Жизнь, как известно, диктует свои суровые законы, причем каждому свои. Мне, например, уже много лет жизнь диктует 13-го февраля садиться, плотно придвигать стул к столу, выдыхать и писать текст о любви. Потому что так уже заведено у нас на Руси, что 14 февраля — это день любви. А может, не каждого 13-го февраля мне до любви! Может, мне вступило в спину, и я корячусь над клавиатурой, собирая железную волю в железный кулак? Может, меня как раз оставил с кучей ребятишек неверный муж, и я пересчитываю медные деньги на молоко и воблу? Или, того хуже, я сама роскошно разочаровалась в очередном прекрасном мужчине и не оставляю для любви ни миллиметра собственной жизни. А еще, помню, был случай, так я 14 февраля встретила в вагоне поезда Самара-Москва, больная вдрызг, и спала стоя в коридоре, из деликатности не осмеливаясь надсадно кашлять на попутчиков в купе. Как бы там ни было, садись и пиши; вот я сажусь и пишу.
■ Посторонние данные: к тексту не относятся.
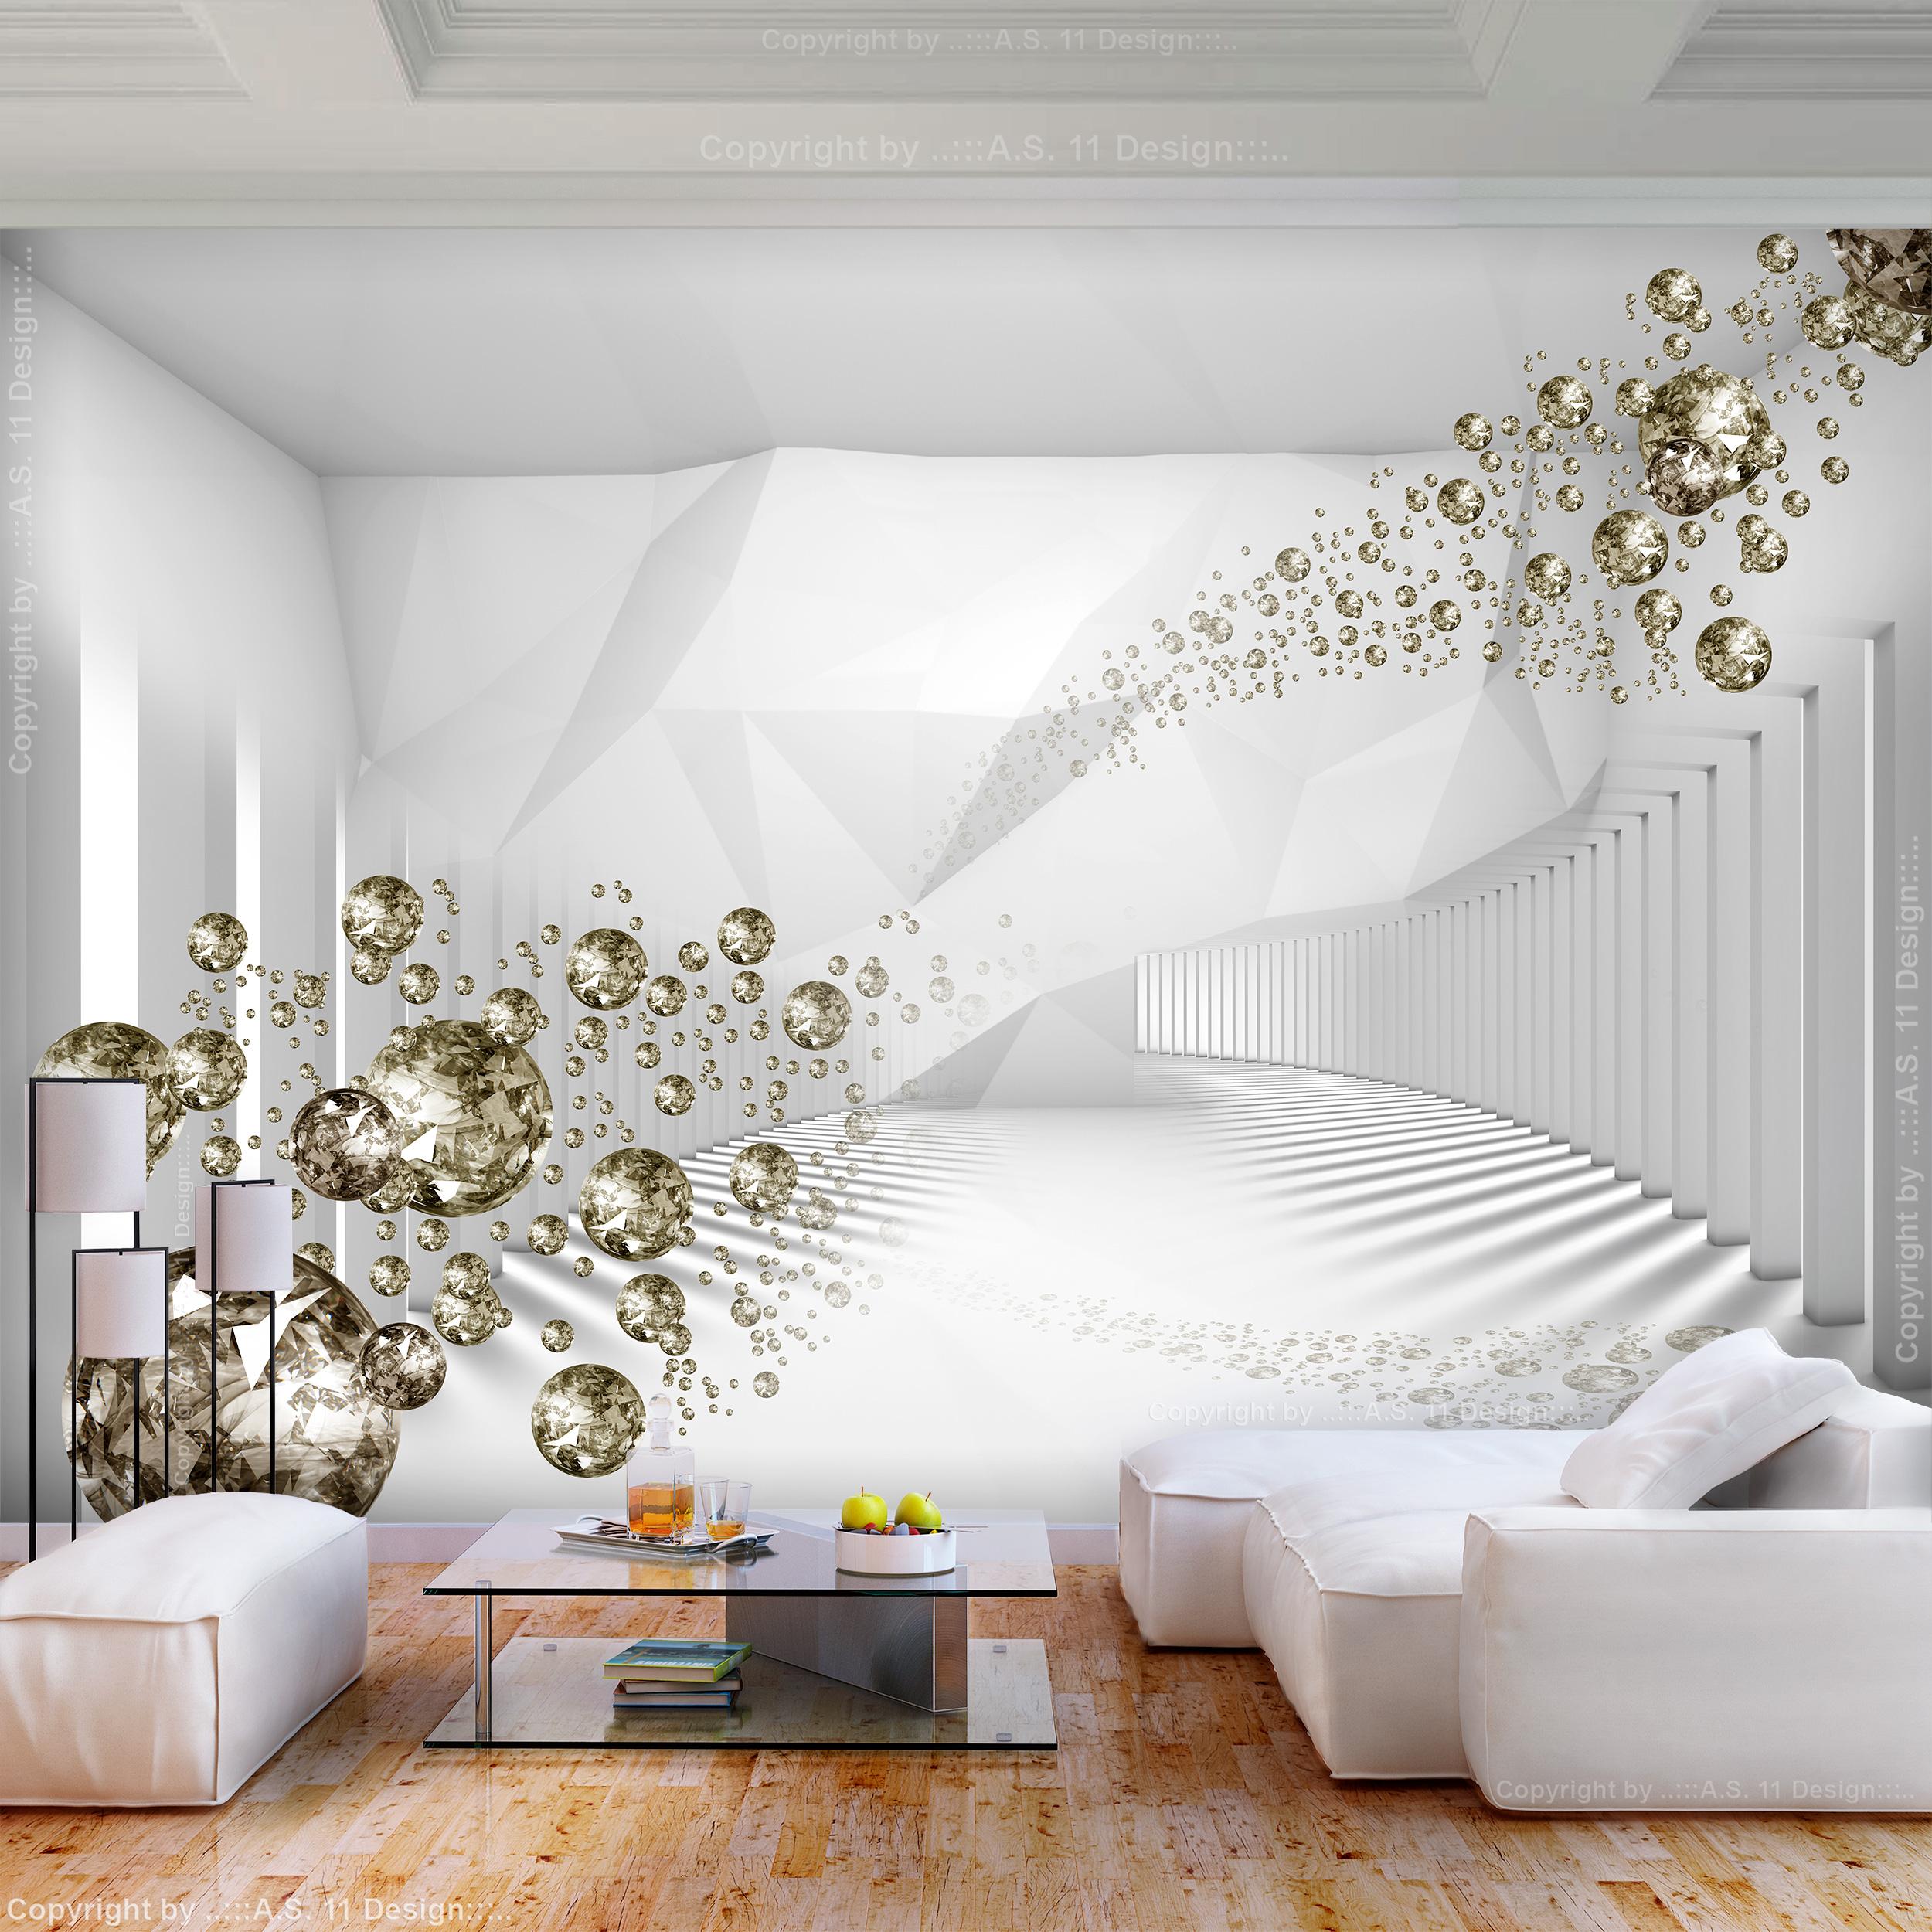 vlies fototapete 3d optik tunnel wei diamant tapete. Black Bedroom Furniture Sets. Home Design Ideas

Расскажу про Таньку. Потому что Танька вообще необычная из девиц. После восьмого класса она строевым шагом отправилась осваивать привлекательную профессию «водитель троллейбуса с умением выполнять слесарные работы», каковую и получила через пару буквально лет. Неизвестно, то ли слесарные работы она выполняла недостаточно умело, то ли что, но карьера водителя троллейбуса у нее не задалась, зато она познакомилась «на маршруте» с будущим мужем, пареньком Антошкой, в душе эстетом.

Танька — видная девушка, с хорошей плотной косой, и оранжевый цвет жилета ей шел необычайно. Хорош был и паренек Антошка — ровный румянец через скульптурно вылепленную щеку, плакатный разворот плеч. Один лишь единственный имел он недостаток: был вор. Обыкновенный вор, не элита, простой квартирный, правда — с огоньком. Творчески подходил к любимому делу, не ограничиваясь банальным взломом дверей монтировкой. Более всего ему удавался трюк с боевым котом Григорием и флаконом валерьянки. Антошка имитировал, допустим, покупку какой-то крупной вещи, автомобиля, афганского ковра, мебельной стенки или дачного участка, отдавал хозяевам деньги, обильно сбрызнутые валерьянкой, привлекательной для котов. Далее прозрачно — Григорий, привозимый на следующий день в пустую квартиру, по запаху находил спрятанные суммы, в награду получал кус телячьей печени, до которой имел природную склонность. Антошка же радостно воссоединялся с пахнущими чужим горем деньгами, крупную же вещь выгодно продавал, афганский ковер, правда, оставил — как был в душе эстет.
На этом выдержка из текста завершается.